TASK TO COMPLETE. Skipping all images, output the listing word for word.

COLLECTED MATERIAL.
┄┄┄┄┄┄┄┄┄┄┄┄┄┄┄┄┄┄┄┄

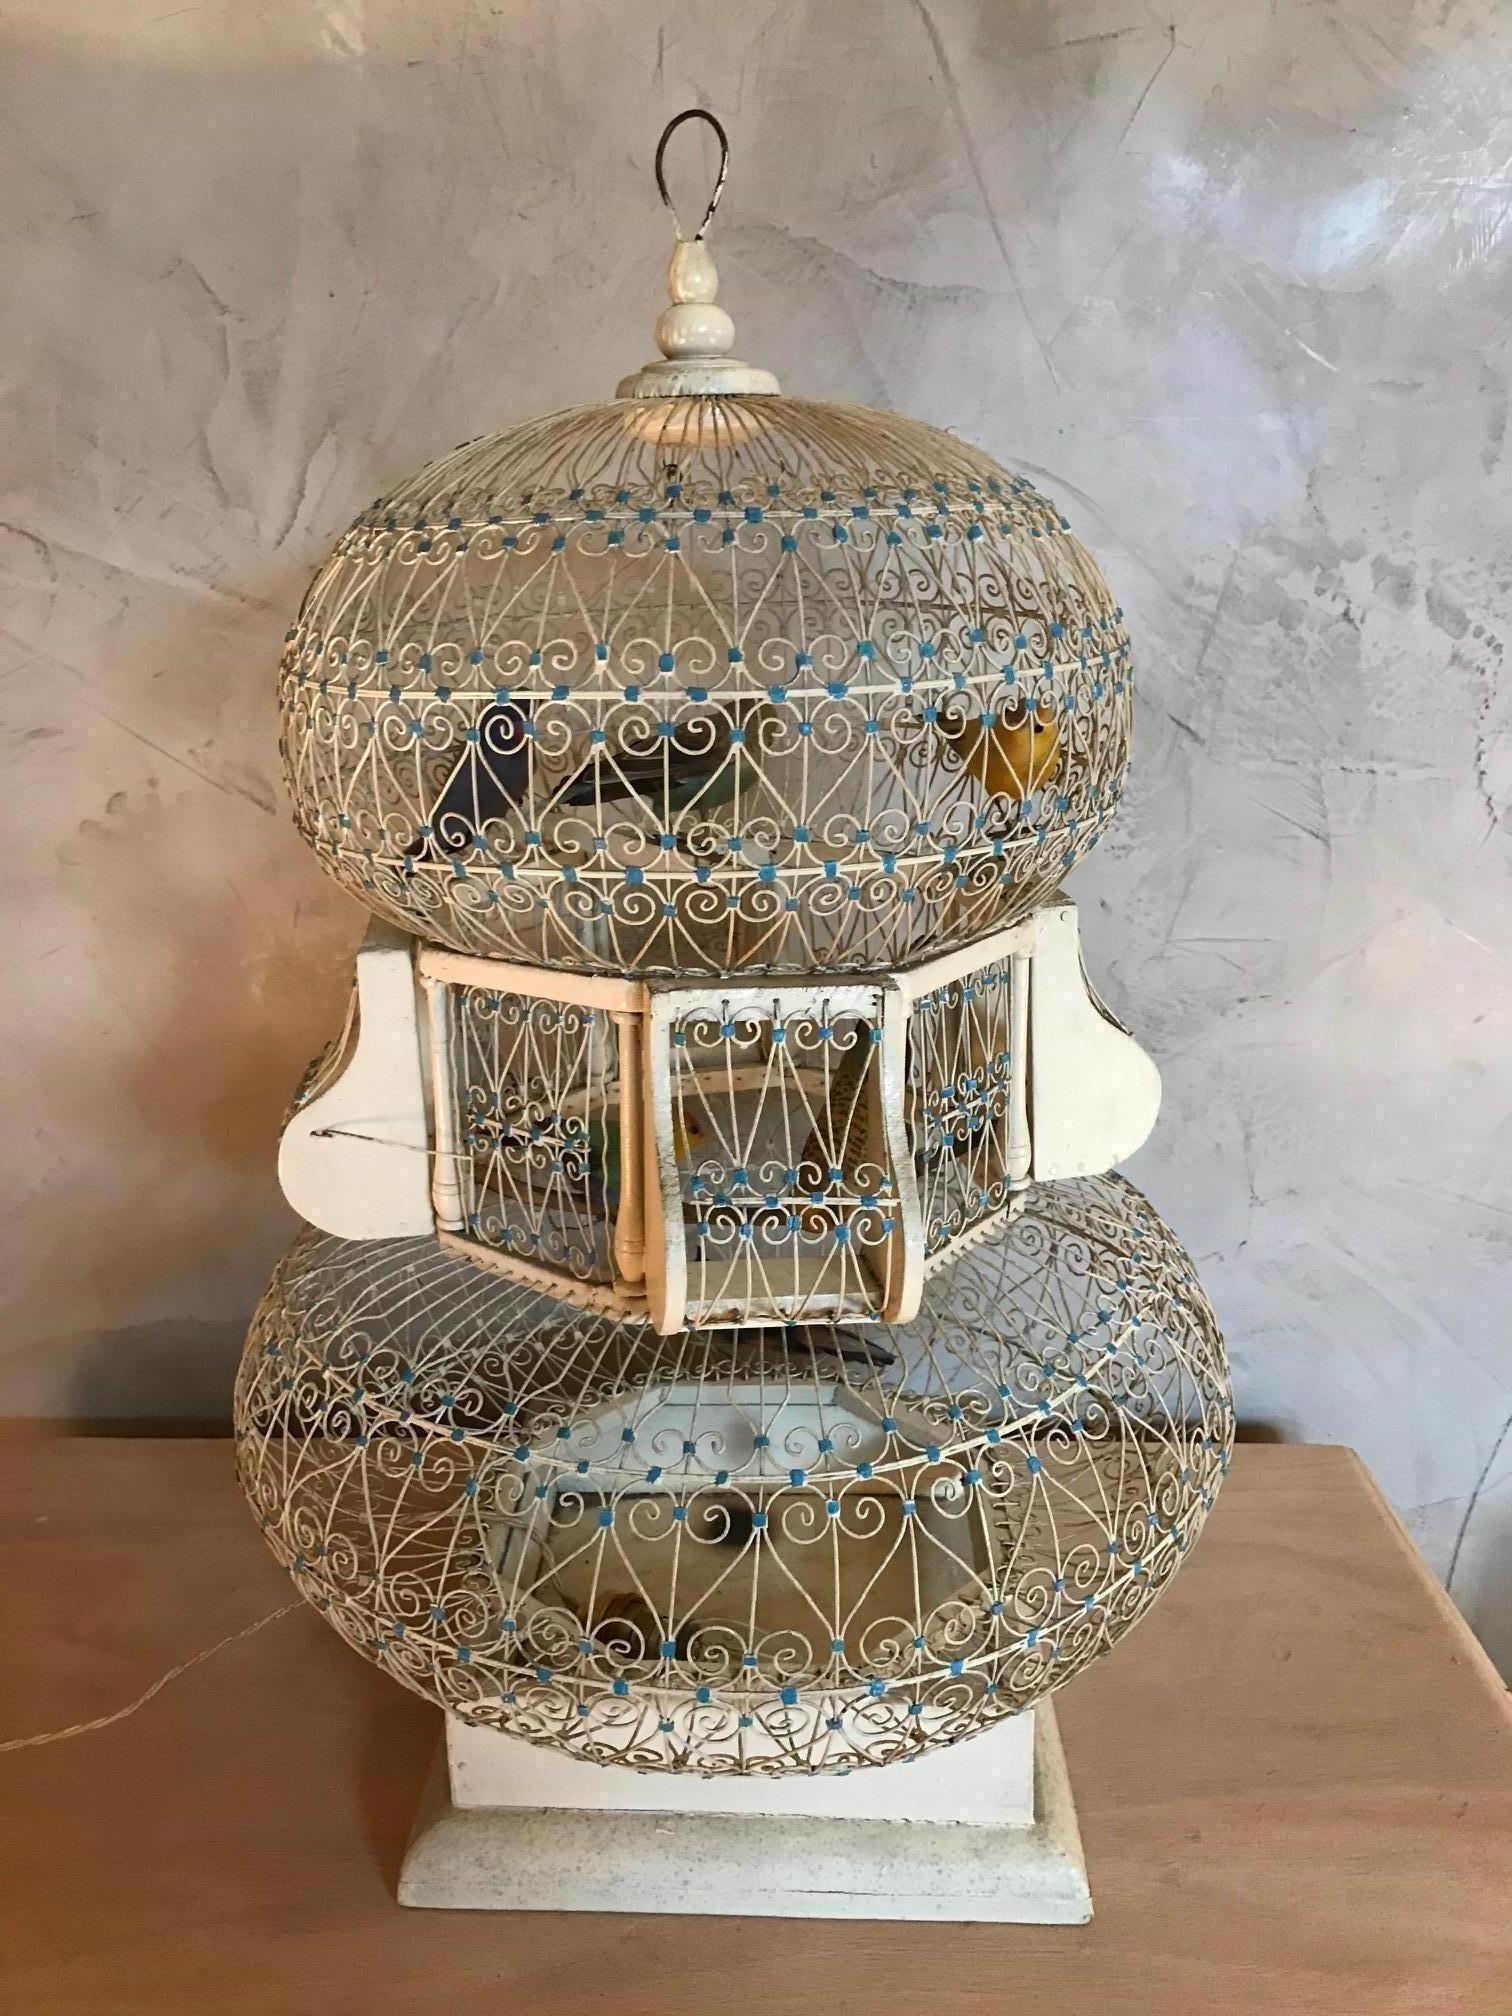 Beautiful 20th century French white metal bird cage from the 1920s.
Many birds in the cage. There is an opening door to move the birds.
We put a bulb on the bottom to enlightened the cage, that make a beautiful light.
Very nice quality.

┄┄┄┄┄┄┄┄┄┄┄┄┄┄┄┄┄┄┄┄

SOLUTION TO THE EXERCISE.
 Beautiful 20th century French white metal bird cage from the 1920s.
Many birds in the cage. There is an opening door to move the birds.
We put a bulb on the bottom to enlightened the cage, that make a beautiful light.
Very nice quality.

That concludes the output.